Medics Freeze Baby To Death To Save Her Life

Medics Freeze Baby To Death To Save Her Life

Surgeons at Great Ormond Street Hospital have saved a month-old baby's life - by freezing her to death for twenty minutes.

Samaa Zohir was born with the blood vessels to her heart connected the wrong way round, and without surgery, would have died.

In order to work on her tiny heart - which was described as being smaller than a golf ball - the medical team put Samaa into 'suspended animation' for twenty minutes.

Connecting the tiny tot to a heart-lung transplant machine, the team surrounded her head with bags of ice, reducing her temperature from 37c to 18c to cool her blood. Once she had grown cold to the touch, they switched off the machine, leaving her clinically dead and her body almost drained of blood. They then carried out the surgery to repair her heart.

After 23 minutes, doctors switched the heart-lung machine back on and pumped warm blood through Samaa's body - her heart then began to beat unaided.

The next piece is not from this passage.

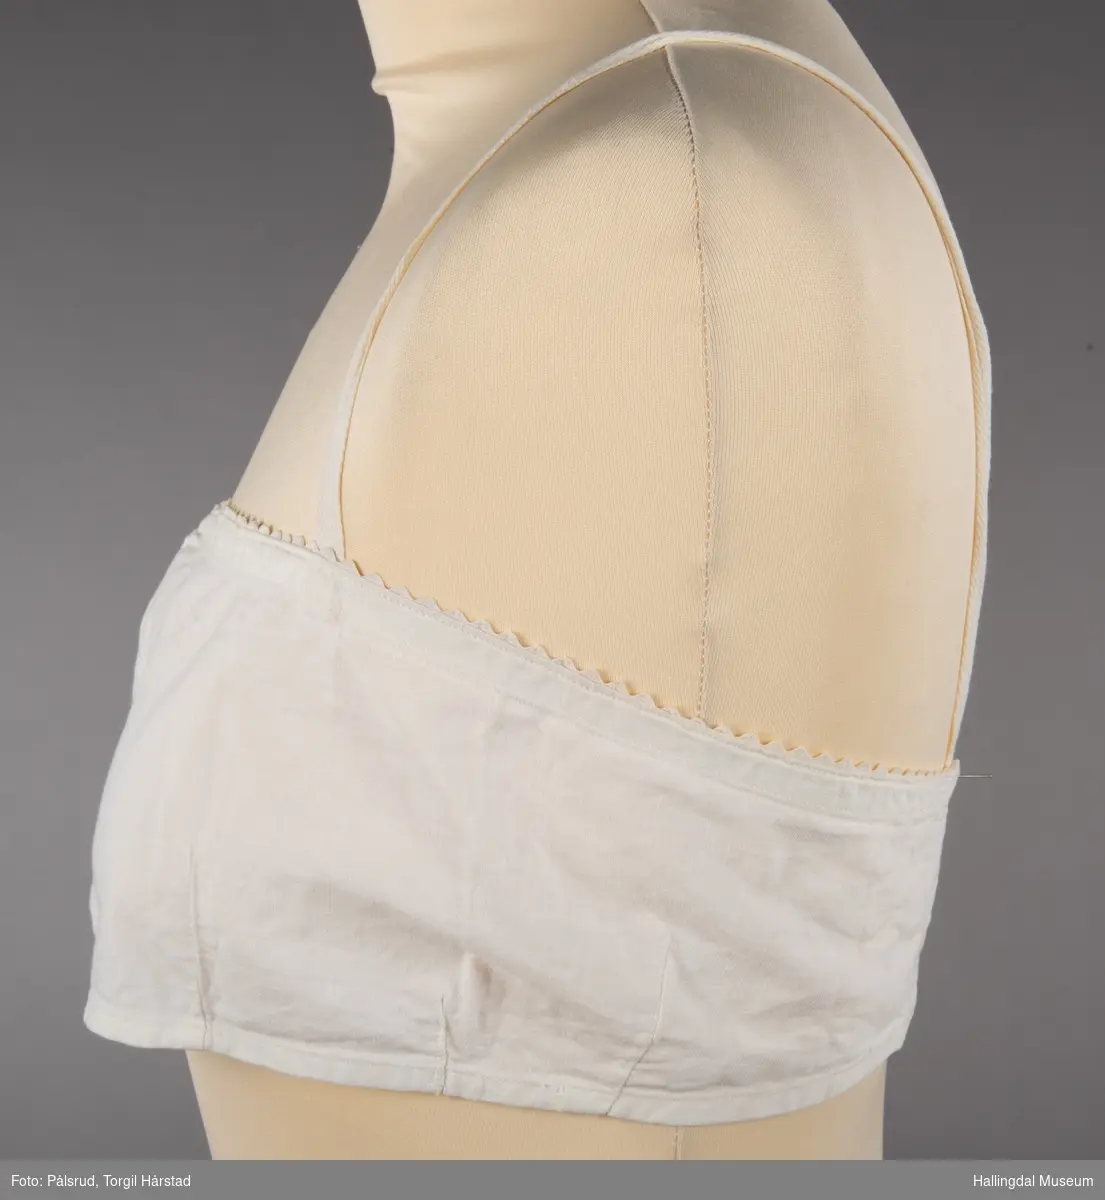 En hvit brystholder i bomull med hvit kroklisse i øvre linning. To enkle skulderstropper. To hvite perlemorsknapper bak som festes i enten to hemper eller to knapphull.

Surgeon Mr Hsia said: 'We needed to work in a bloodless field because we were doing micro-surgery, dealing with blood vessels as thin as rice paper and sutures as thin as a human hair. The only way was to chill the body and stop the circulation. The patient goes into deep hypothermia. It's like plunging the baby into a bucket of iced water. When you stop the heart they're clinically dead and I know I must operate with precision. There is no room for error. It's one shot and one shot only.'

Samaa's mother, Roosina Ahmed, 30, said: 'The first time Samaa opened her eyes after the surgery I was overwhelmed to see she was alive again. For more than 20 minutes she was on that operating table, freezing cold, a body with no life, and they brought her back to us. She's gone from being a baby who was too tired to even cry to a healthy, lively girl who enjoys her food and loves playing with her toys. It's amazing.'

Samaa's condition affects fewer than 40 children a year in the UK. Without surgery, it is fatal. Her mother, a Metropolitan Police constable, became concerned for her daughter's health when she repeatedly became too tired to feed. A GP initially diagnosed mild colic, but an unconvinced Ms Ahmed took Samaa to hospital where a scan showed the blood vessels that should have brought oxygenated blood from the lungs to the left side of her heart were connected to the right.